My Nonprofit Reviews
Review for Center For Respite Care, Inc., Cincinnati, OH, USA
I was a second year med student at University of Cincinnati Medical School when I spent the summer helping out at the Center for Respite Care as part of UC's Urban Health Project Program.
The Urban Health Project originally appealed to me because I wanted to learn about the social and healthcare services available to underserved people of Cincinnati and to probe my interest in working with those less fortunate. When offered an opportunity to help out at the Center for Respite Care, it seemed like the perfect mix of healthcare and social work; of applying what I learned in school and expanding my boundaries. While every day I saw and heard about things that we had covered in class, the new experiences were what made the summer truly special. I saw a side of the city that is seldom examined and easily ignored. I learned so much about caring and compassion, helping and healing. I would be hard-pressed to think of a better way to have spent my summer than helping at the Center for Respite Care.
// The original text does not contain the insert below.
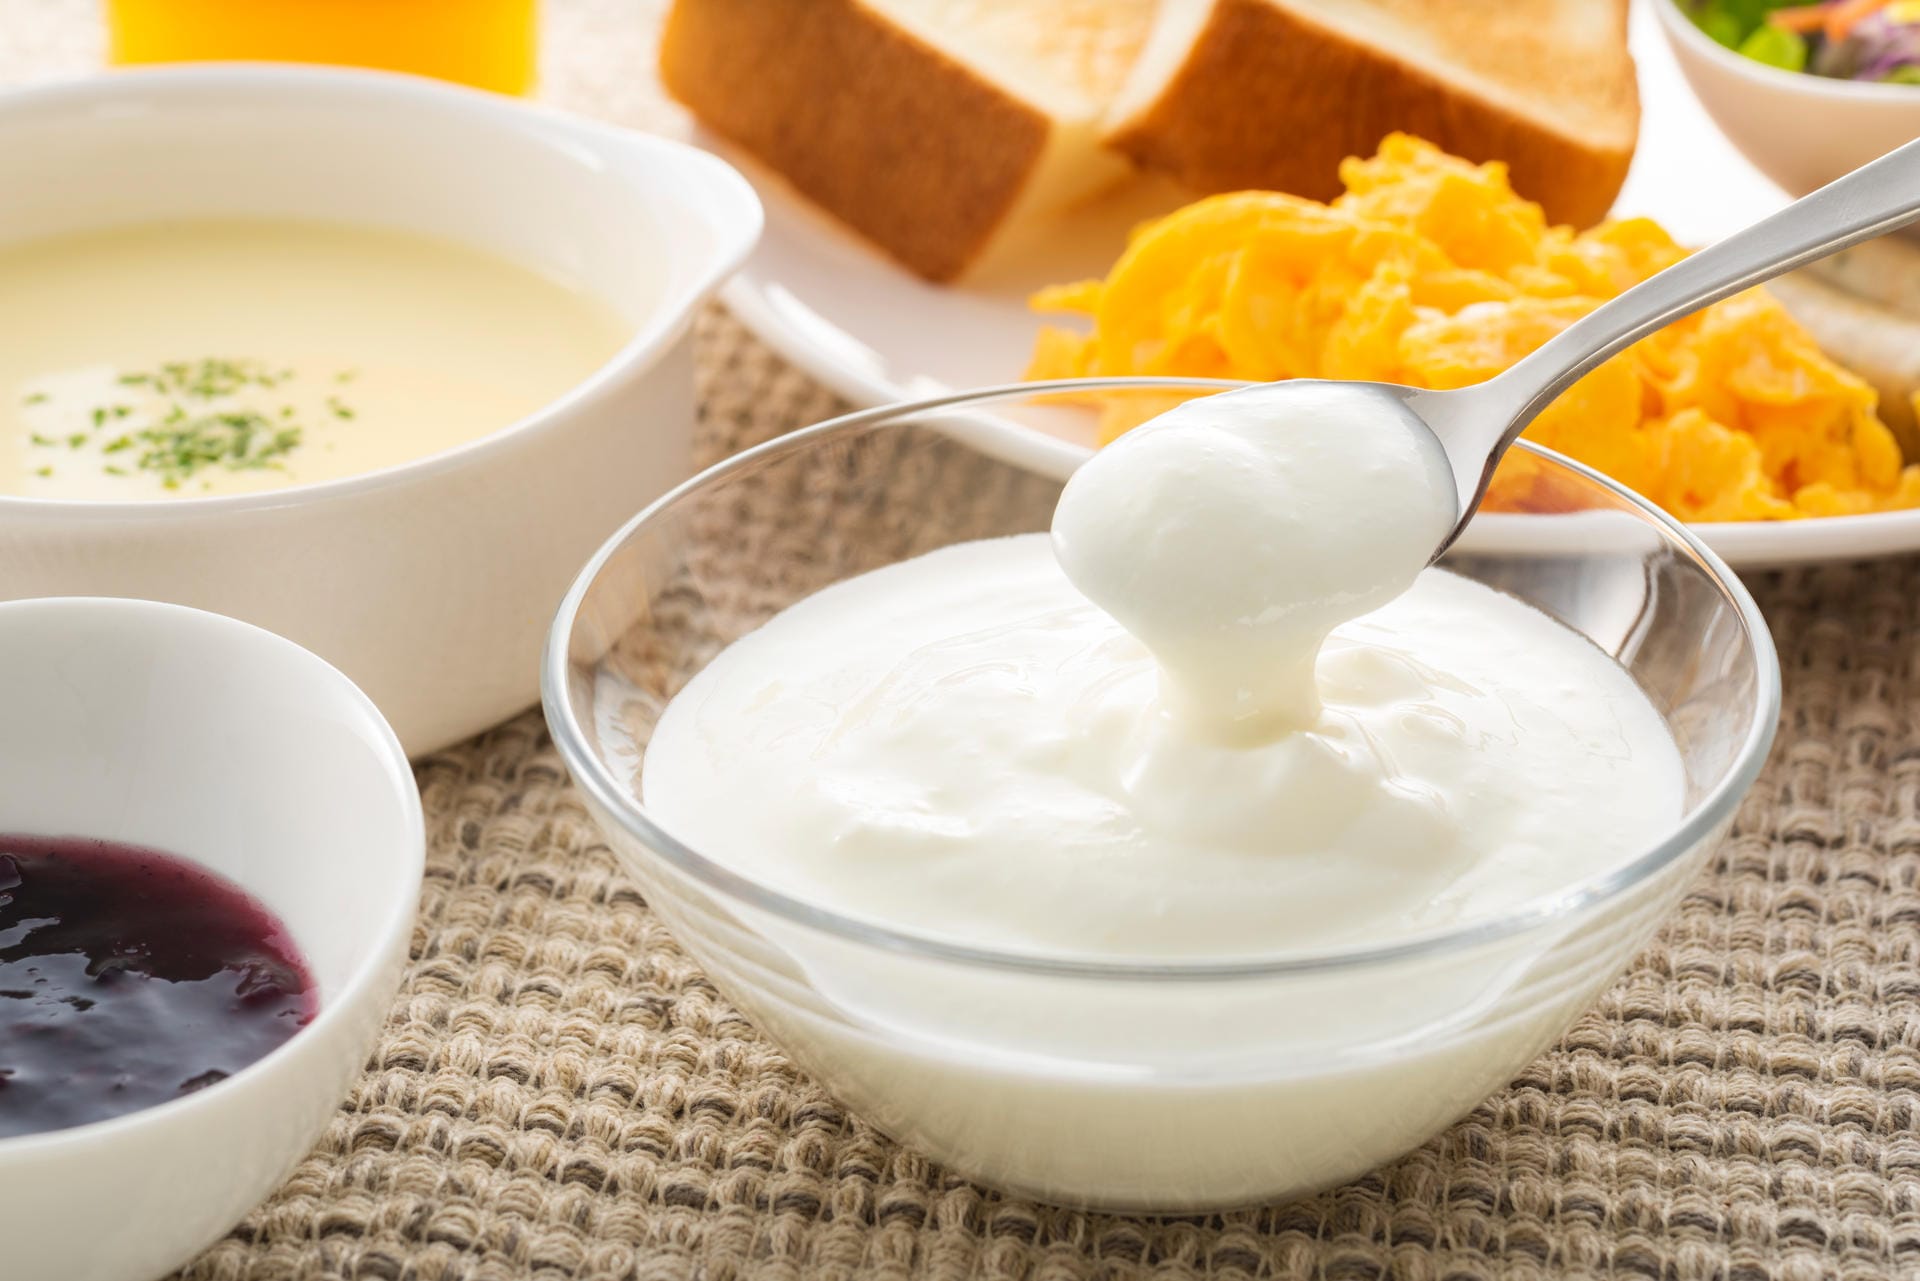 Joghurt: Die gesundheitsfördernde Wirkung des Joghurts beruht auf seinen lebenden Milchsäurebakterien. Die Kulturen sorgen für eine gesunde Darmflora. Zudem ist Joghurt – wie fast alle Milchprodukte – reich an dem Knochenmineral Kalzium. Alternative Milchprodukte sind vor allem Kefir, Dickmilch und Buttermilch, da auch diese lebende Kulturen enthalten.

Respite Care acts as a safety net for sick homeless individuals in the Cincinnati area. It was opened in 2003 to provide a safe place for homeless people to heal after hospitalizations. By allowing proper recovery time, repeat hospitalizations are reduced which reduces the burden on hospitals, taxpayers, and, most importantly, the patients. But simply allowing for healing wasn’t enough. Since opening, Respite Care has grown into a place where someone experiencing homelessness can not only get back their health, but also their life. While at Respite Care, clients work with the social service staff to connect to existing social services in the area and obtain food stamps and general assistance; birth certificate and ID; and housing. Since people with a disability but no income generally don’t qualify for other housing programs, Respite Care has its own housing program that pays clients’ rent with money from HUD while helping them find a job or get on disability income.
My duties seemed to number as many as the services Respite Care offers. At different times throughout the summer I assisted with client transportation, moving clients in and out of permanent housing, client education, client job placement, housing, tech support, grant writing, manual labor, grocery shopping, and prescription pick-up. All of these tasks were rewarding and educational in their own way. Driving clients to doctor’s appointments allowed me time to talk with the client and hear his or her story. I was able to see common conditions such as diabetes, HIV, hypertension, and get to know the person behind the illness. Writing grants allowed me to understand Respite Care’s impact on the community. Working with clients to find jobs gave me an understanding of the obstacles this population faces to living a normal life.
Toward the end of the summer I spent a lot of time with a particular client, trying to help him find a job. He was willing to do any sort of work, and we applied for many jobs together, in addition to the applications he completed on his own. He is a high school graduate with some college experience and a recent degree from a computer training program. But 25 years ago he committed a felony, and now he can’t find anyone who will hire him. Whenever possible I would take him to apply for jobs in person. I could call him anytime of the day, let him know I found a job opening and that I was going to pick him up soon. He’d say “Sounds great, see you soon, I’ll be watching for you.” Sometimes they told him in person they don’t accept applications from ex-felons; other times they’ll accept the application and never call. But regardless of the outcome, he’d be just as motivated and excited next time we’d go to apply somewhere. This sort of perseverance is not uncommon for Respite Care’s clients.
By far, the most memorable part of the summer will be the people of Respite Care. This includes present and former clients, the staff, the volunteers--everyone who sets foot in the door seems to be injected with a tireless energy (that’s not to say that coffee isn’t frequently consumed). From the first day of the summer, the dedication of the people here to their work was apparent. The doctor and nurses to providing excellent care; the social workers to helping clients get back on their feet; the administration to providing the support necessary to make these things happen; the clients to healing, improving their lives, and bringing other clients along with them.
This truly is a special place. It was no surprise to me when I learned that Respite Care has a profound effect on reducing healthcare costs for people who are homeless. With the quality of the people here and the work they are doing, no other outcome could be possible.
From these people, I will take away a new understanding of what it means to care for a person and a patient. To try your hardest and do your best for someone even when you know your efforts might be fruitless or go unappreciated. To go the extra step to do something that will truly change a person’s life for the better. To have patience when working with a person who has smoked for thirty years and never held a steady job, while they quit smoking and get a job. These are lessons I could have learned no other way, and things that will stick with me long after I have left Respite Care.
If I had to make changes to this organization, I would...
expand to help more sick or injured homeless people in Greater Cincinnati.